Does Costco sell sauna accessories like towels, buckets, or ladles?

Costco occasionally stocks sauna accessories, but not consistently. The store's wellness rotation prioritizes the main unit over accessories. Dedicated sauna towels, wooden buckets, and ladles for traditional saunas are more reliably found at specialty sauna retailers or on Amazon. The HoMedics portable steam unit does not use water-on-rocks (löyly), so traditional accessories do not apply to it.

How do I get the most out of a portable steam sauna session?
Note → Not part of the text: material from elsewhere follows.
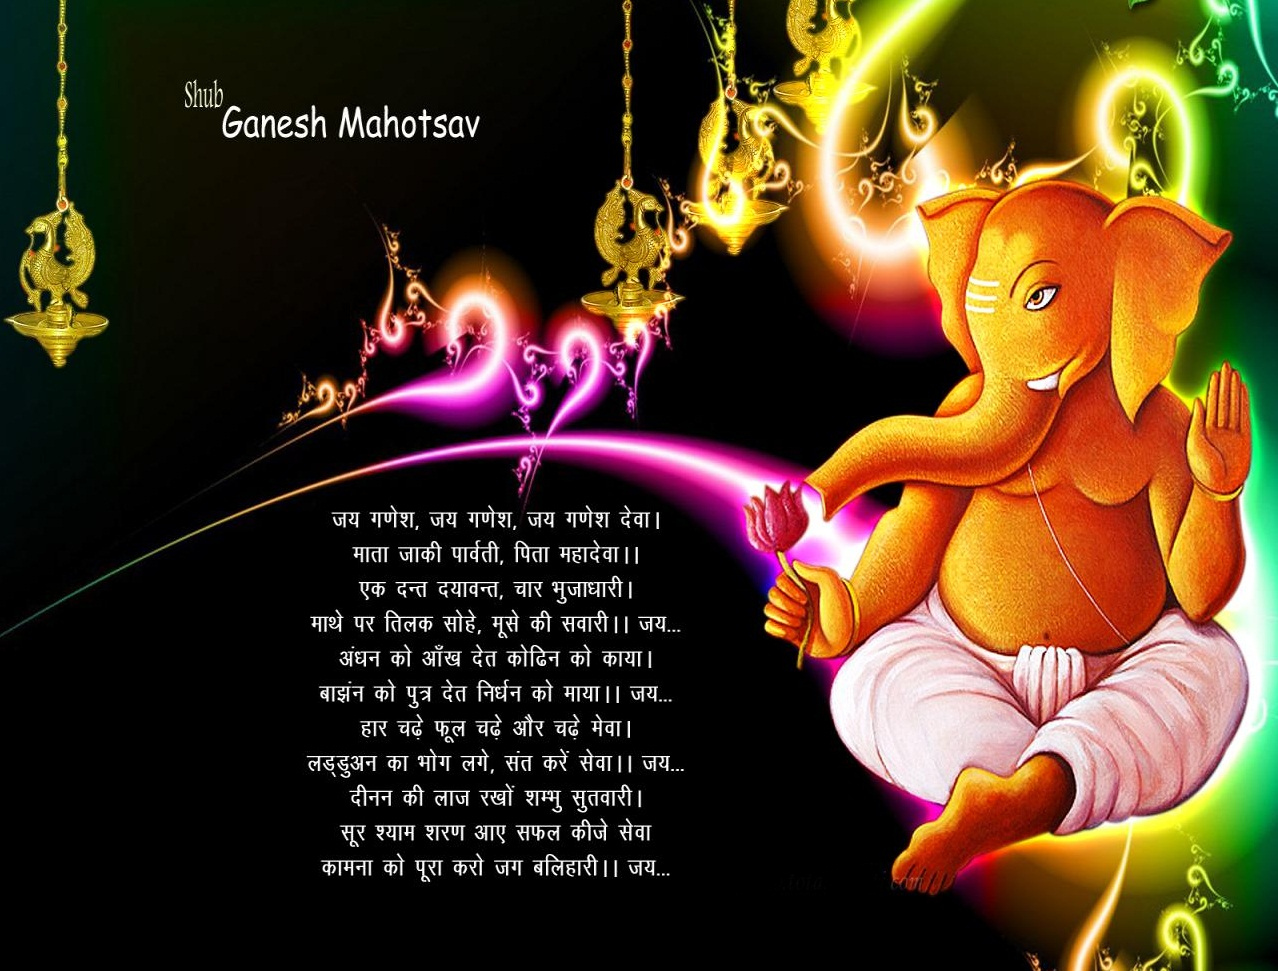 New ganesh chaturthi wishes sms in marathi english hindi new ganesh chaturthi wishes sms in marathi english hindi kristyandbryce Image collections

Shower beforehand to clean skin and open pores. Drink 16 to 20 oz of water before the session. Keep sessions to 15 to 25 minutes. Towel off immediately after so sweat does not cool on your skin. Follow with a cool shower if you tolerate it. Consistency beats duration: two to four sessions per week over months does more than occasional long sessions.

Sources

  1. Costco Wholesale, Sauna & Steam Room category: Costco sells portable steam saunas and infrared sauna cabins online; pricing for portable steam models has ranged from approximately $50 to $150 and infrared cabins from $800 to $2,500 depending on size and model.
  2. U.S. Energy Information Administration, Electricity Monthly Update: Average US residential electricity rate is approximately $0.16 per kWh, making a 30-minute 1000-watt steam sauna session cost roughly 8 cents.
  3. Costco Wholesale, Return Policy / Satisfaction Guarantee: Costco offers a satisfaction guarantee on most products; some electronics have a 90-day return window.
  4. Harvard Health Publishing, Sauna Health Benefits: Traditional Finnish saunas operate at 170 to 195°F (77 to 90°C); this temperature range is the basis for most sauna health research.
  5. Laukkanen JA et al., Mayo Clinic Proceedings 2018, Cardiovascular and Other Health Benefits of Sauna Bathing: "Regular sauna bathing is associated with reduced risk of cardiovascular events"; the study population used Finnish dry saunas at high temperatures, not portable steam tents.
  6. Mooventhan A, Nivethitha L, North American Journal of Medical Sciences 2014, Scientific Evidence-Based Effects of Hydrotherapy on Various Systems of the Body: Contrast therapy (alternating heat and cold) produces cardiovascular and autonomic responses; protocols typically specify higher baseline heat temperatures than portable steam tents achieve.
  7. American College of Obstetricians and Gynecologists, FAQ on Exercise During Pregnancy: ACOG advises pregnant people to avoid raising core body temperature above 102.2°F (39°C) during exercise or heat exposure.
  8. National Fire Protection Association, NFPA 70 National Electrical Code, Article 210.8: The National Electrical Code requires GFCI-protected outlets in bathrooms, kitchens, and other wet or damp locations where portable electrical appliances may be used.
  9. Hussain J, Cohen M, Evidence-Based Complementary and Alternative Medicine 2018, Clinical Effects of Regular Dry Sauna Bathing: Regular dry sauna bathing is associated with cardiovascular and relaxation benefits; research is based on dry saunas operating above 160°F, distinct from steam tent conditions.